Problem requirements:
Only the stretch below from the line holding "December | 2010 | Studio E Flett Design" through the line holding "IMG 6193 - La" should be restated, word for word and with both ends included; pictures stay out.

Provided material:
******

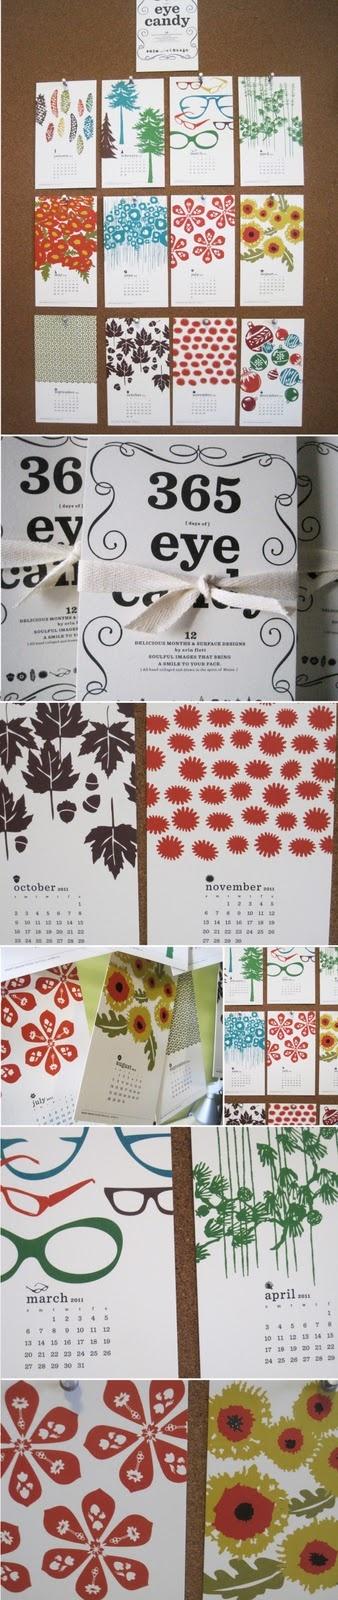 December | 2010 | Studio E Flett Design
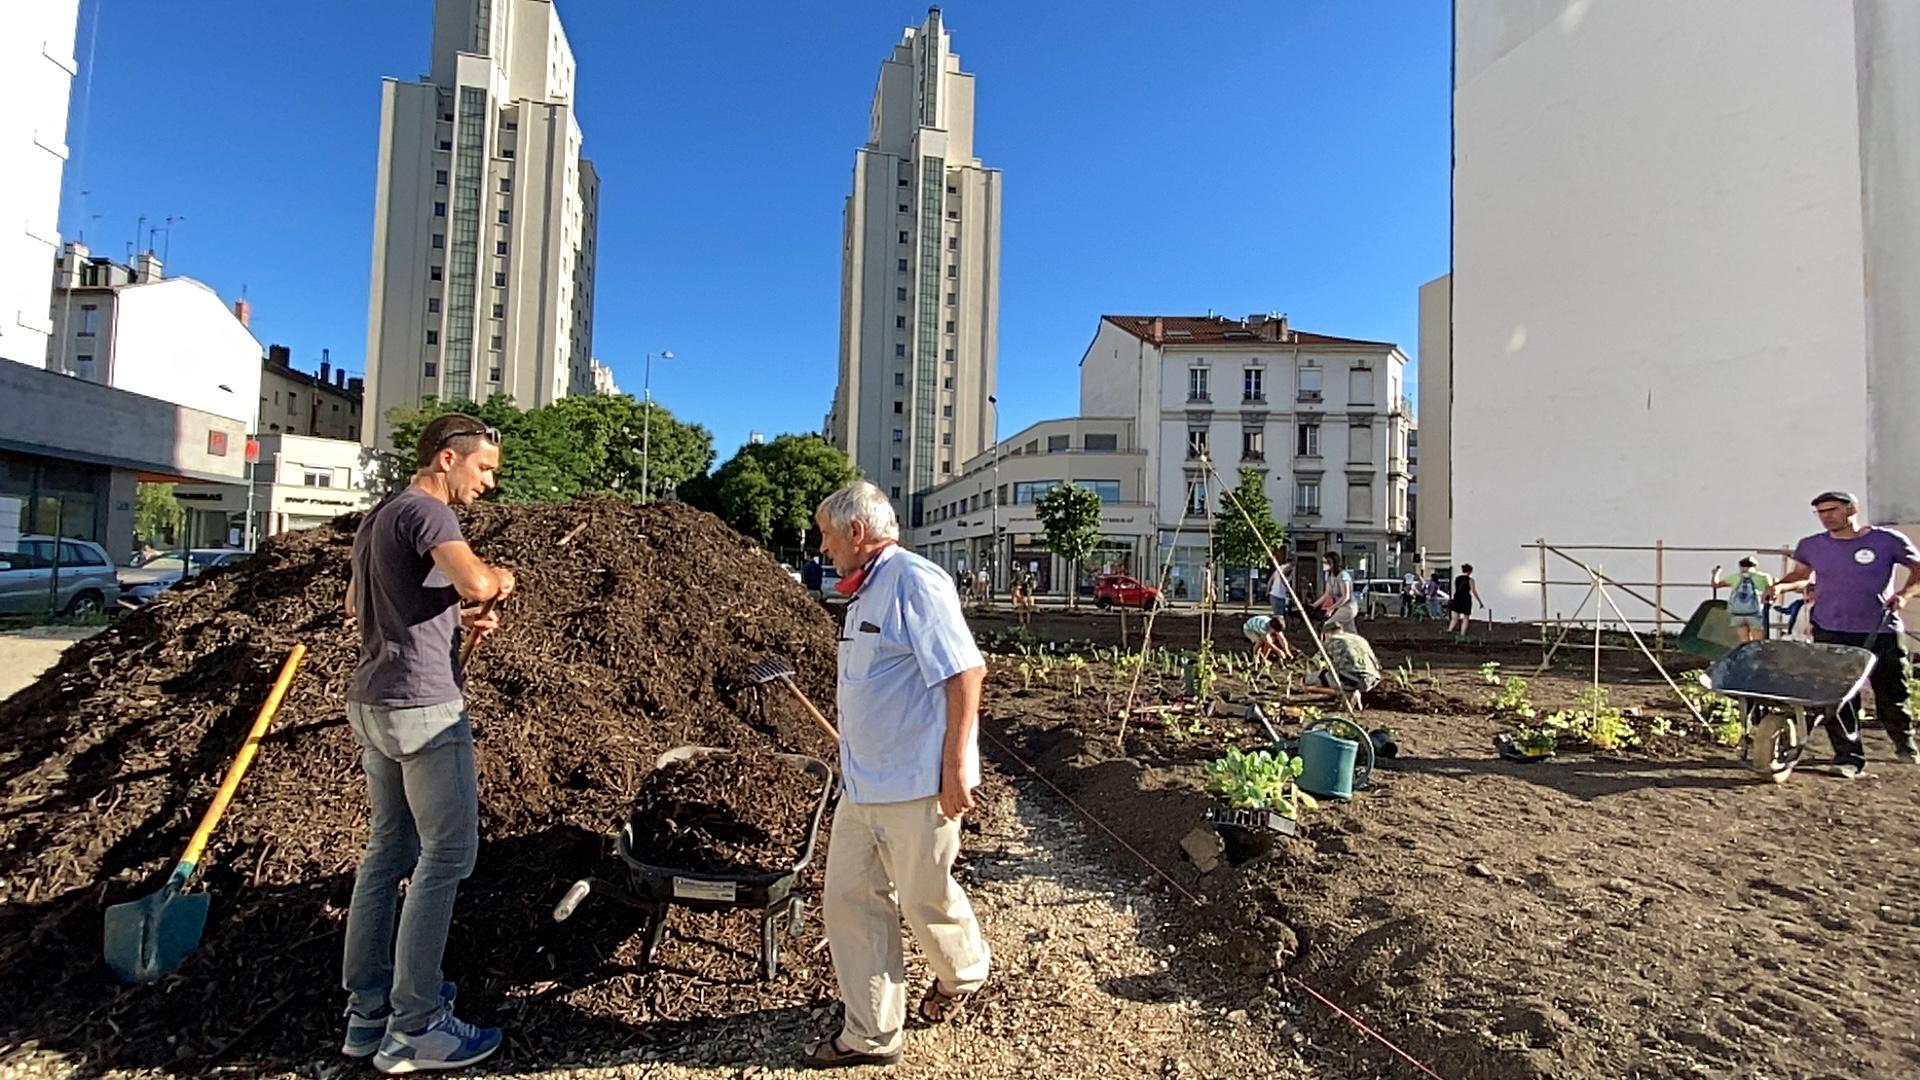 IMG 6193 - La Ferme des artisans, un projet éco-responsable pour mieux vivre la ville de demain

******

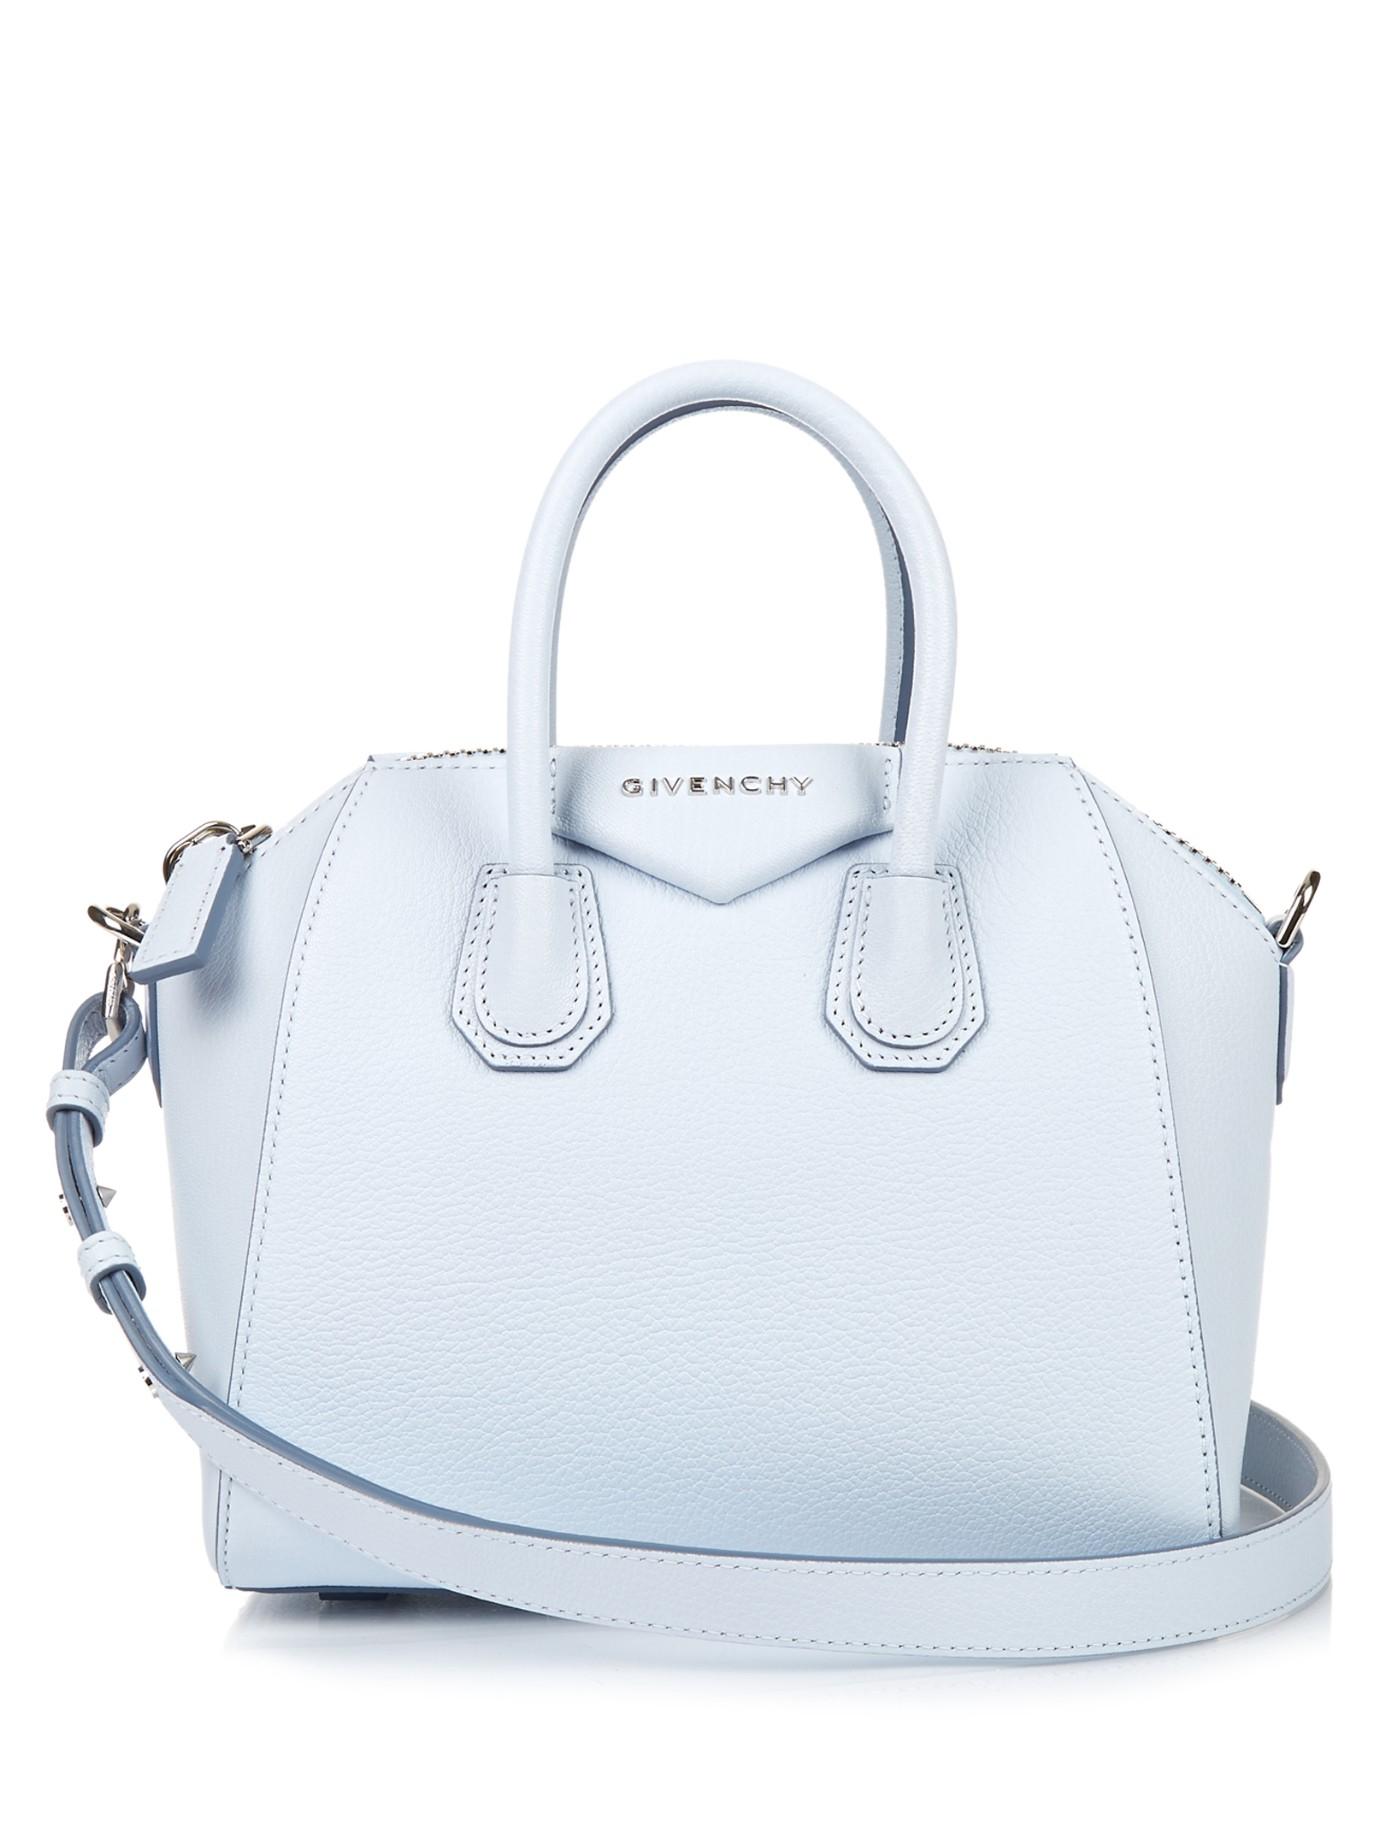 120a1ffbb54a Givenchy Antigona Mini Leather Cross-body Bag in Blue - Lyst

******

Output of the exercise:
 December | 2010 | Studio E Flett Design
 IMG 6193 - La Ferme des artisans, un projet éco-responsable pour mieux vivre la ville de demain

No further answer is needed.